SUPPLIED INFORMATION section start

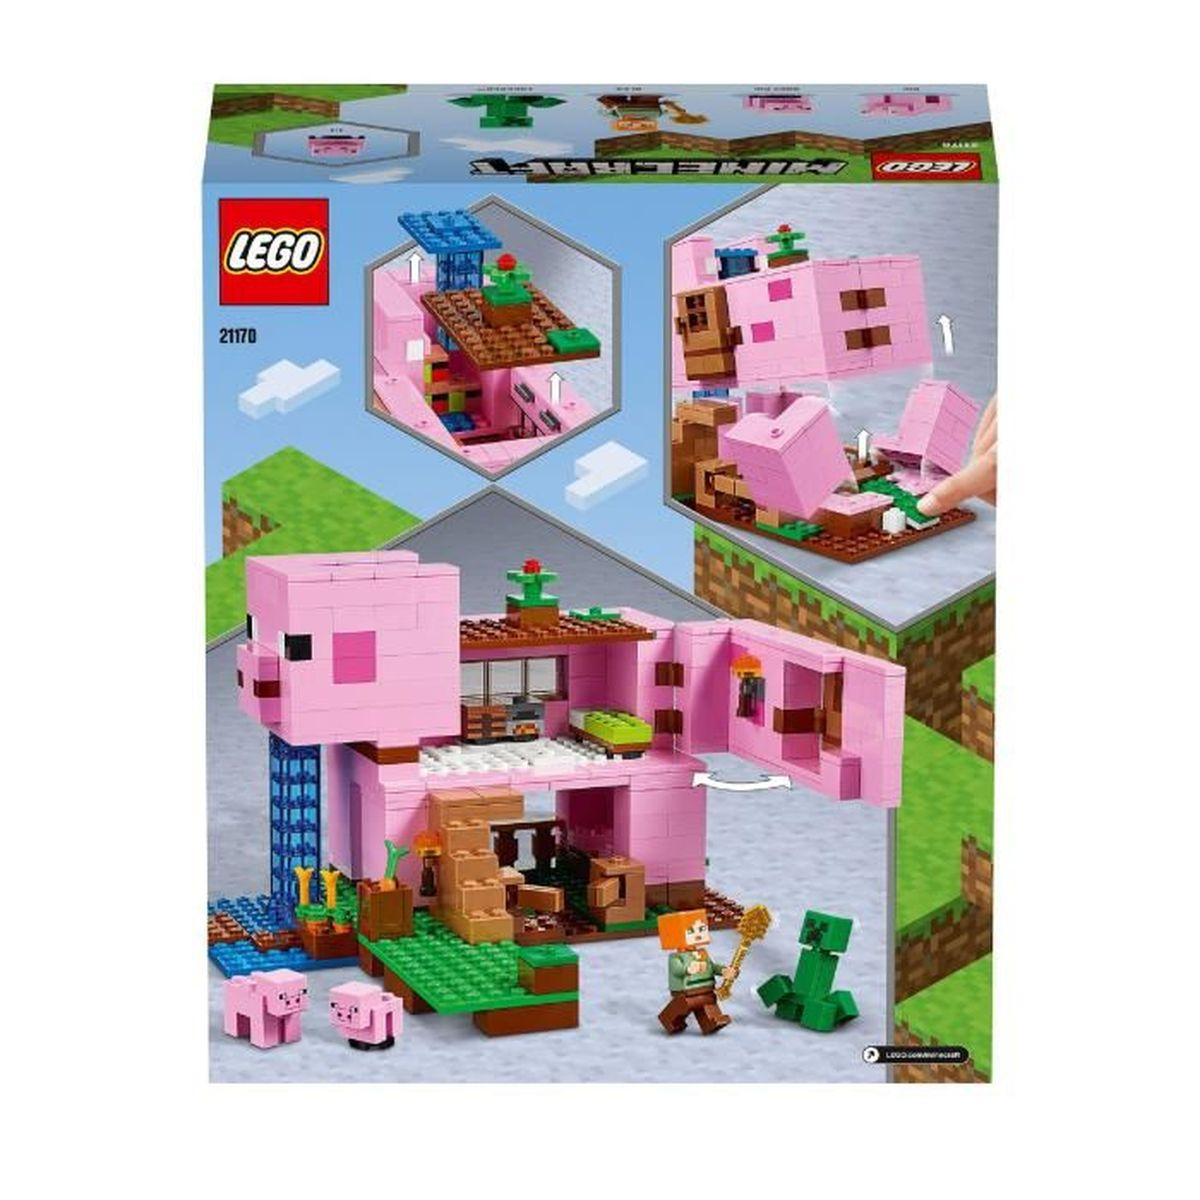 DAS LEGO LEGO SCHWEINEHAUS Minecraft 21170
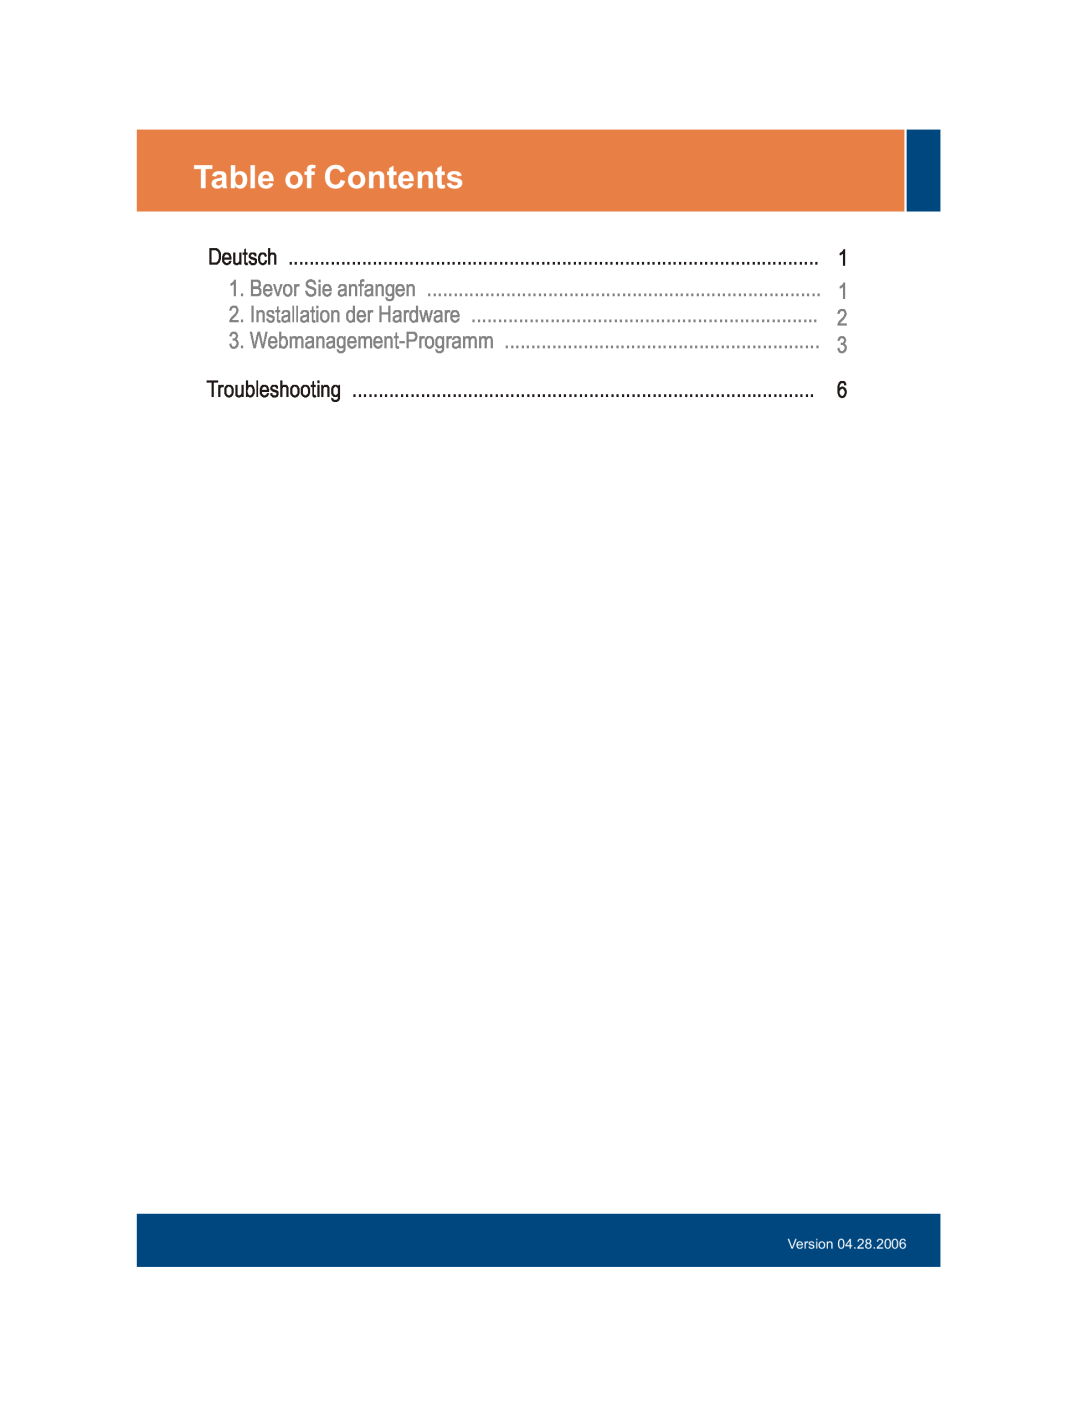 TRENDnet TEG-160WS manual Table of Contents, Bevor Sie anfangen, Installation der Hardware, Webmanagement-Programm, Version 
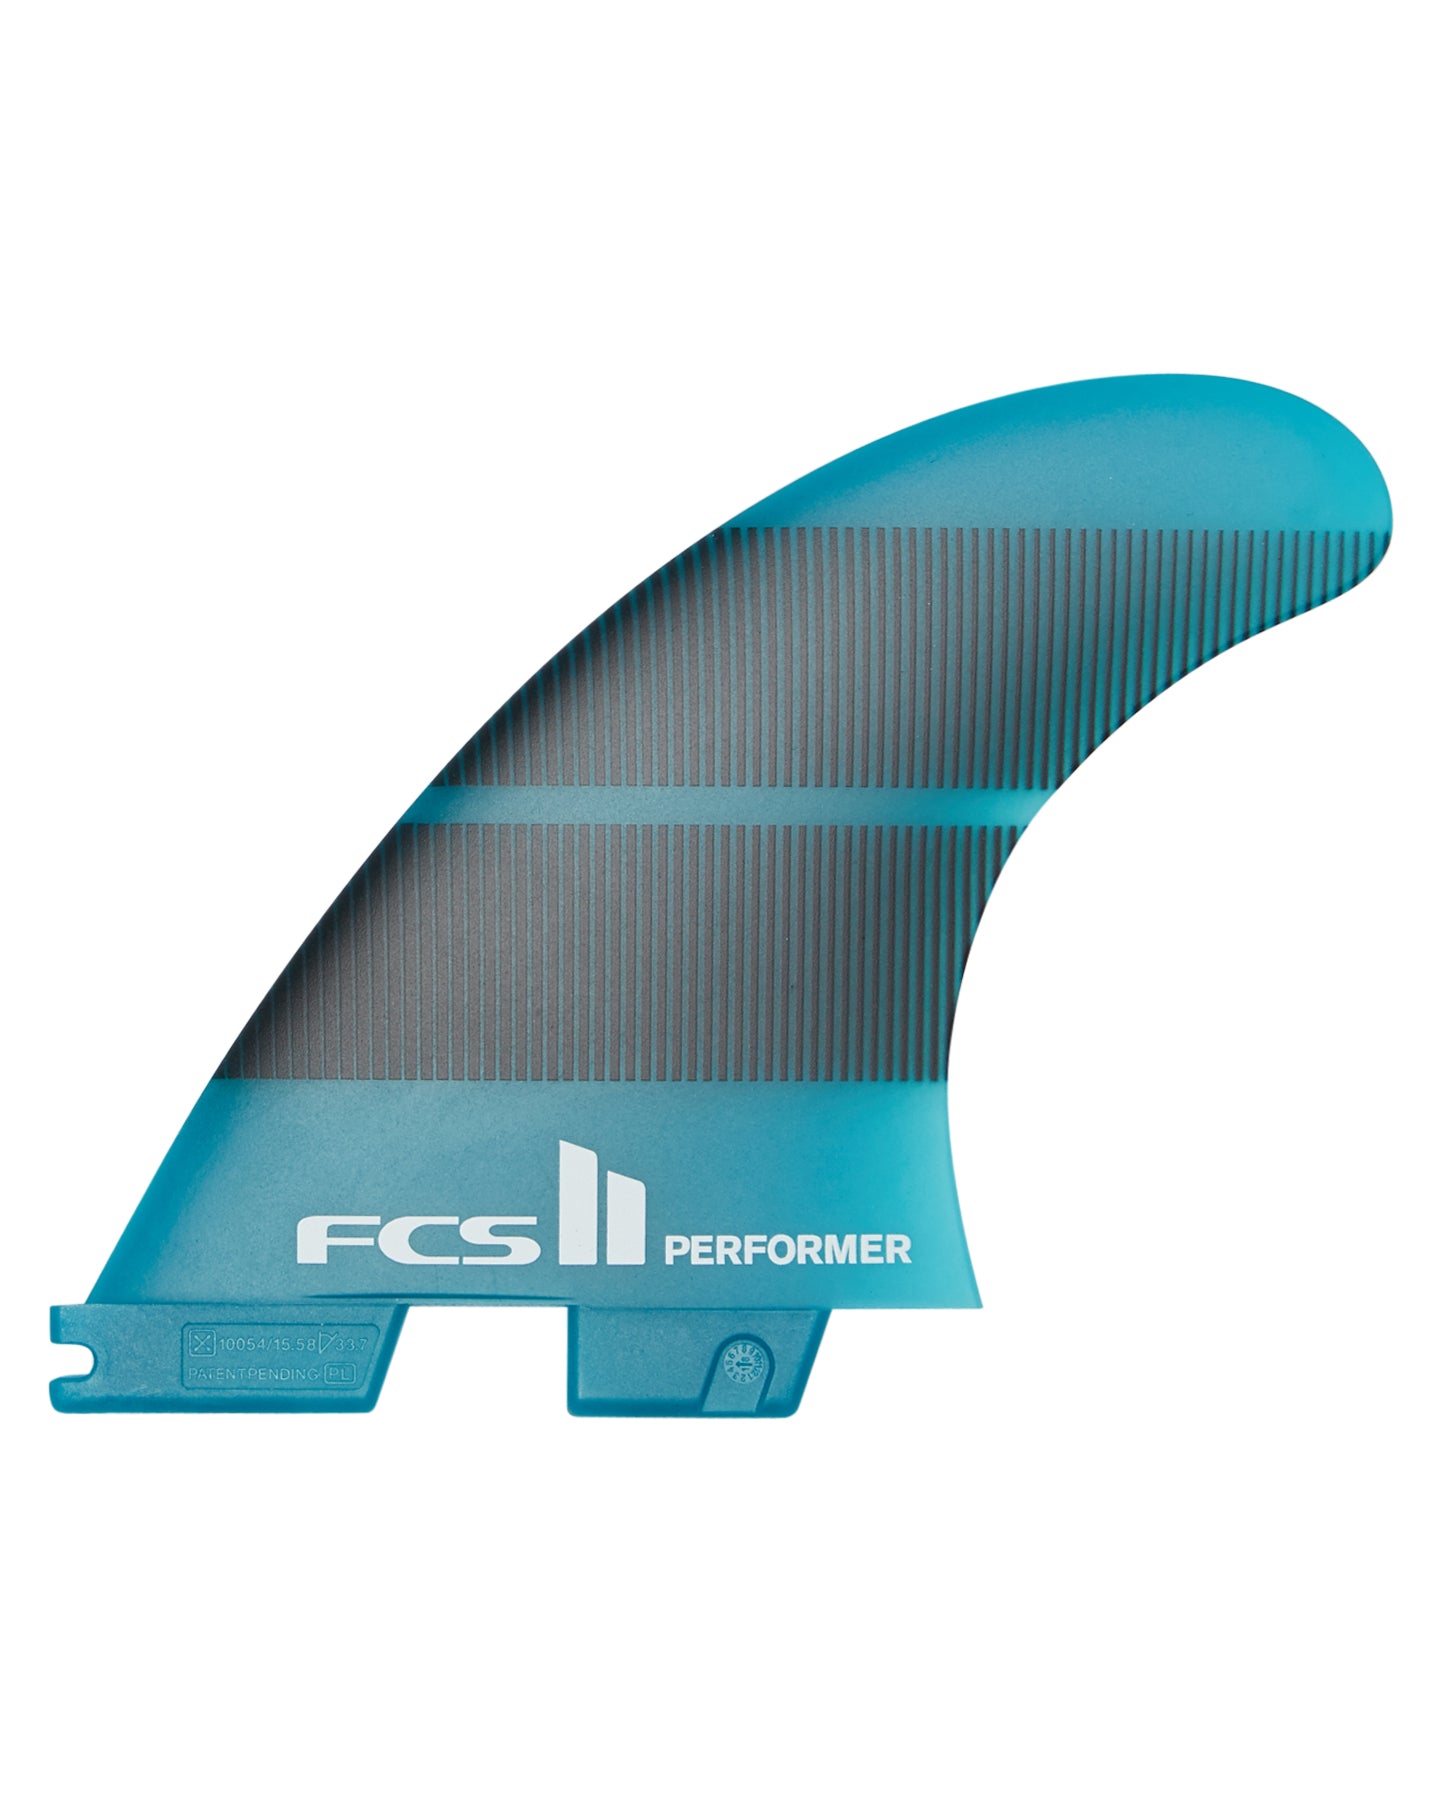 FCS 2 Performer Neo Glass Tri-Fin Set Teal Gradient L

SUPPLIED INFORMATION section end

The answer is every line of the data, exactly as written, with the pictures dropped.

● OUTPUT BELOW:
 DAS LEGO LEGO SCHWEINEHAUS Minecraft 21170
 TRENDnet TEG-160WS manual Table of Contents, Bevor Sie anfangen, Installation der Hardware, Webmanagement-Programm, Version 
 FCS 2 Performer Neo Glass Tri-Fin Set Teal Gradient L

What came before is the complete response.